MySQL Bugs: #4040: Extremely Slow "Where in (Select... )" Subqueries GROUP BY / HAVING related

Bug #4040	Extremely Slow "Where in (Select... )" Subqueries GROUP BY / HAVING related
Submitted:	7 Jun 2004 15:54	Modified:	8 Jun 2004 15:37
Reporter:	Andrew Spencer	Email Updates:
Status:	Not a Bug	Impact on me:	None
Category:	MySQL Server	Severity:	S2 (Serious)
Version:	4.1.1a-alpha-nt	OS:	Windows (Windows 2003 Server)
Assigned to:	Oleksandr Byelkin	CPU Architecture:	Any

Description:
Subqueries are unusably slow.  Identical query in MSSQL runs in .04 seconds.  In MySQl it takes 82 seconds on the same machine.
(Appears to have something to do with the GROUP BY / HAVING Statement).  

Query is simply using a Subquery to populate a WHERE statement and pull separate details from another table.  

*Performance improves (.06 seconds instead of 80 seconds) when HAVING statement in subquery removed.
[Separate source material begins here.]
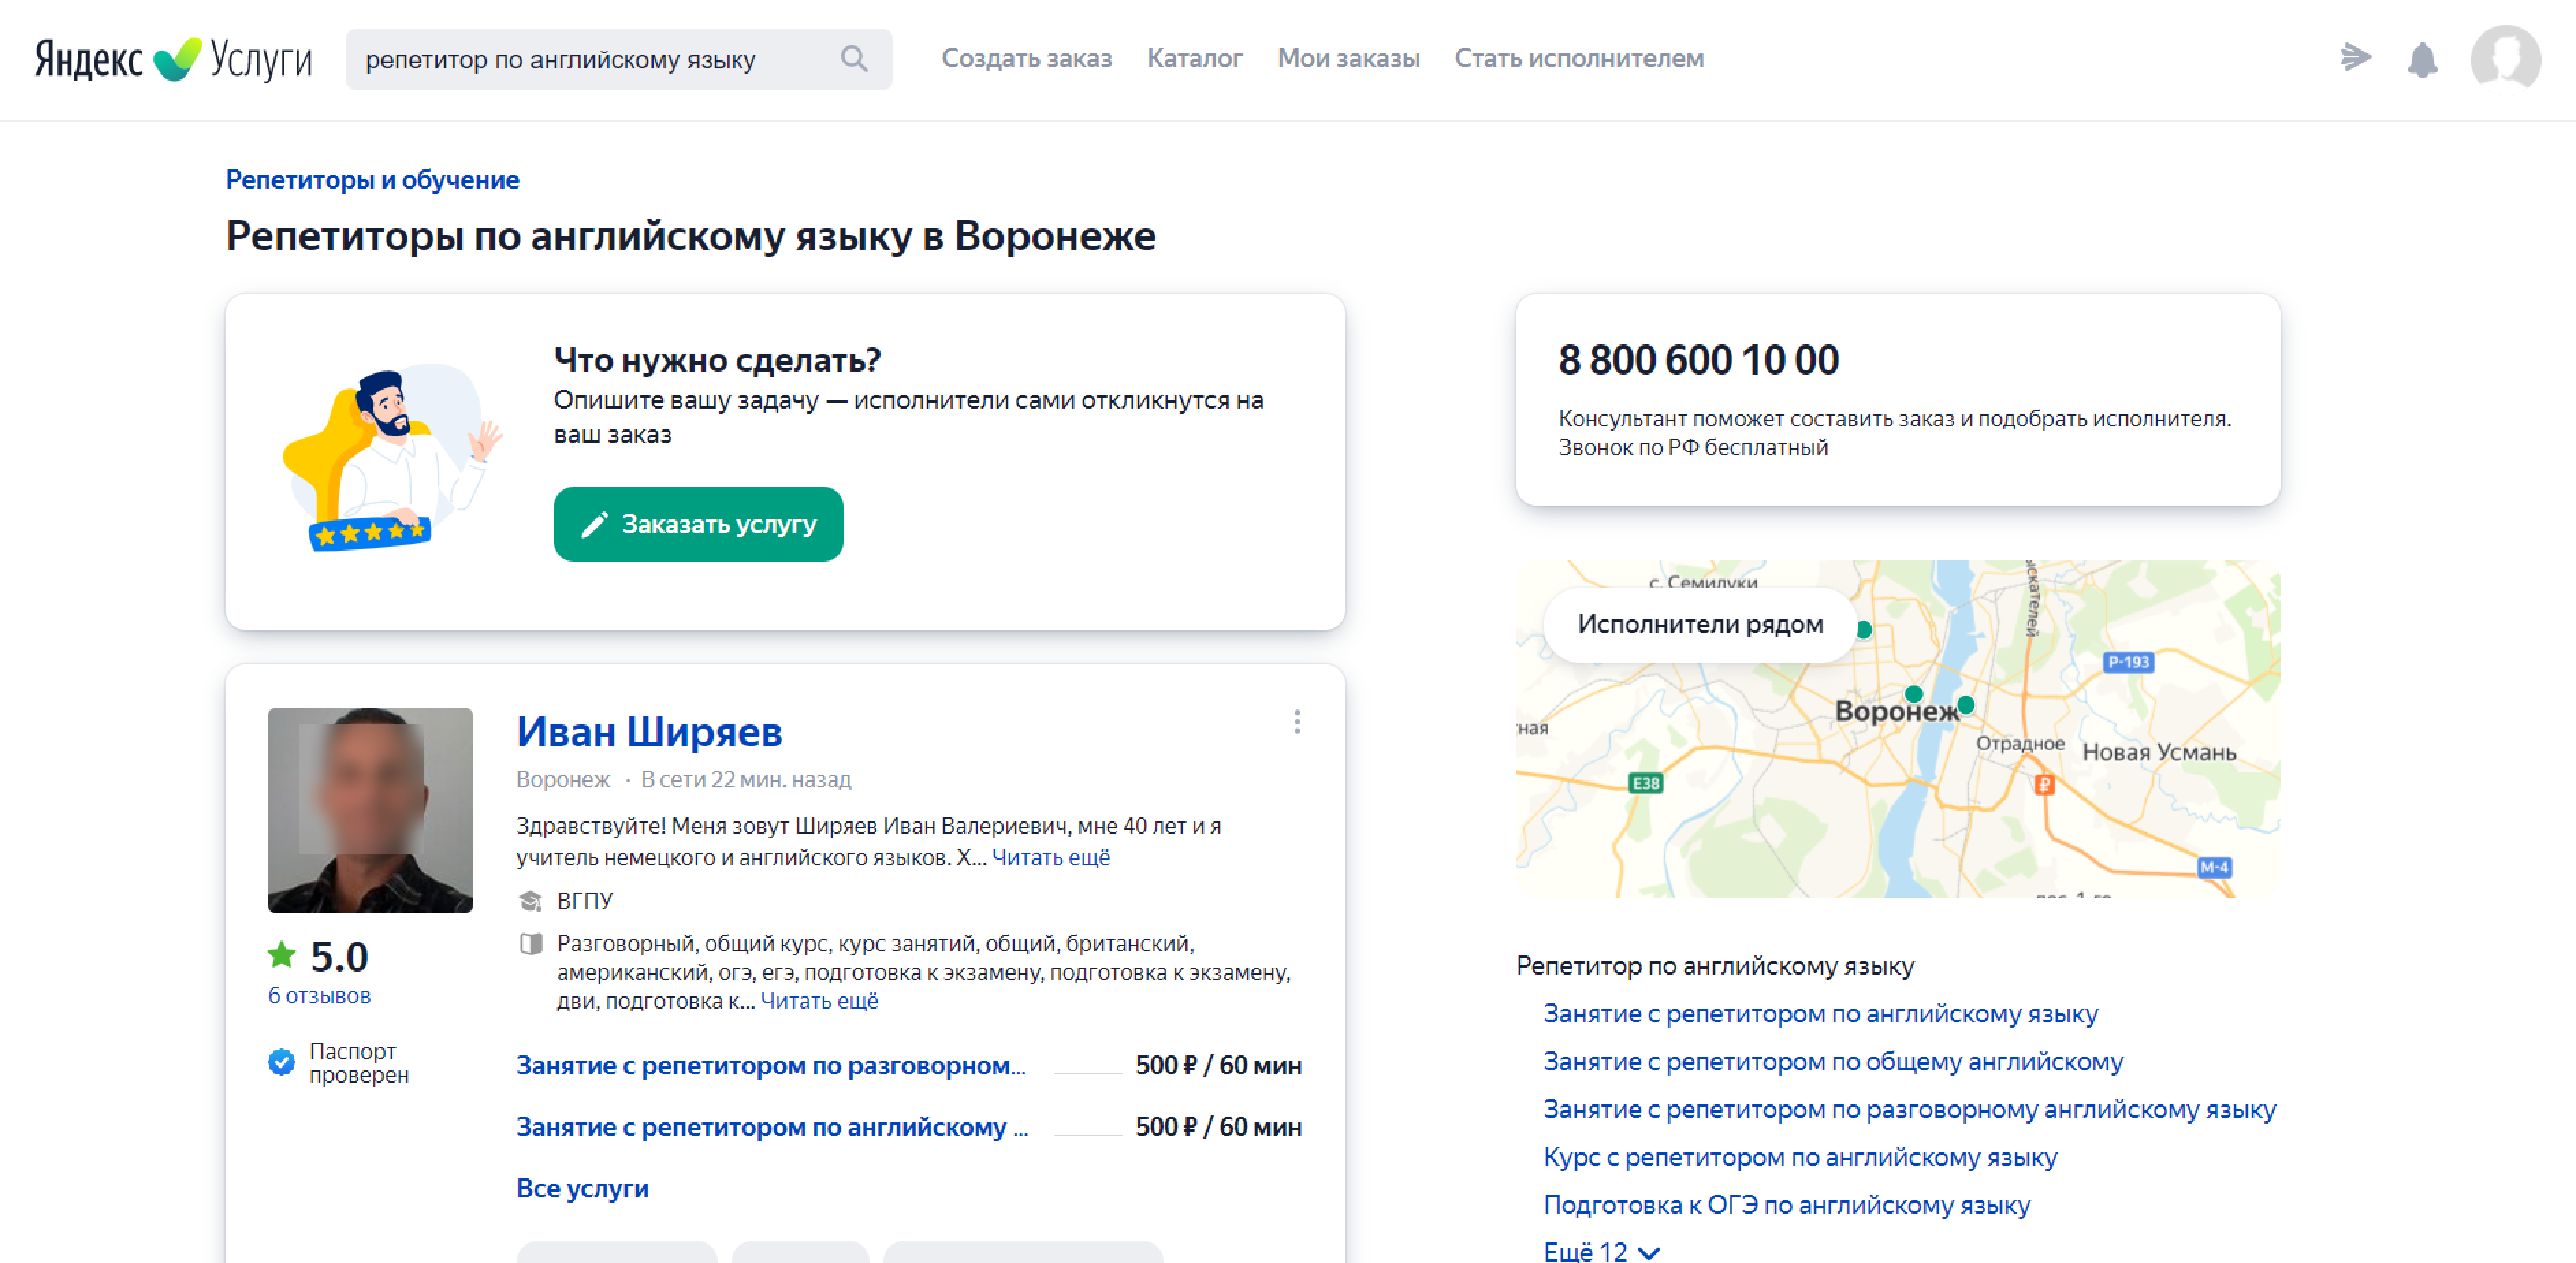 профиль на Яндекс Услугах

*Performance also improves separately if INNER JOIN in in subquery removed (7.61 seconds instead of 80 seconds)

How to repeat:
Tables:
1:  "Patients"   (1200 records)  Single record per Patient
Key_ID     (primary Key: autoincrement)   
Center_ID  (int)

2:  "Evals"      (3600 records)  Multiple records per Patient
Eval_ID   (primary Key: autoincrement)
Location_id  (int)
Patient_ID   (int)

Query Syntax:

Select count(key_id) 
from patients
where key_id in 
(
SELECT DISTINCT Evals.Patient_ID
FROM Evals INNER JOIN
Patients ON Patients.Key_ID = Evals.Patient_ID
WHERE (Evals.Location_ID = 3) AND (Patients.Center_ID = 3) and (Patients.key_id < 820)
        GROUP BY Evals.Patient_ID
        HAVING      (COUNT(Evals.Patient_ID) > 0)
)

Thank you for taking the time to report a problem.  Unfortunately
you are not using a current version of the product your reported a
problem with -- the problem might already be fixed. Please download
a new version from http://www.mysql.com/downloads/

If you are able to reproduce the bug with one of the latest versions,
please change the version on this bug report to the version you
tested and change the status back to "Open".  Again, thank you for
your continued support of MySQL.

Additional info:

Subqueries are still under development.  Some of them are optimized in 4.1.2, but not all.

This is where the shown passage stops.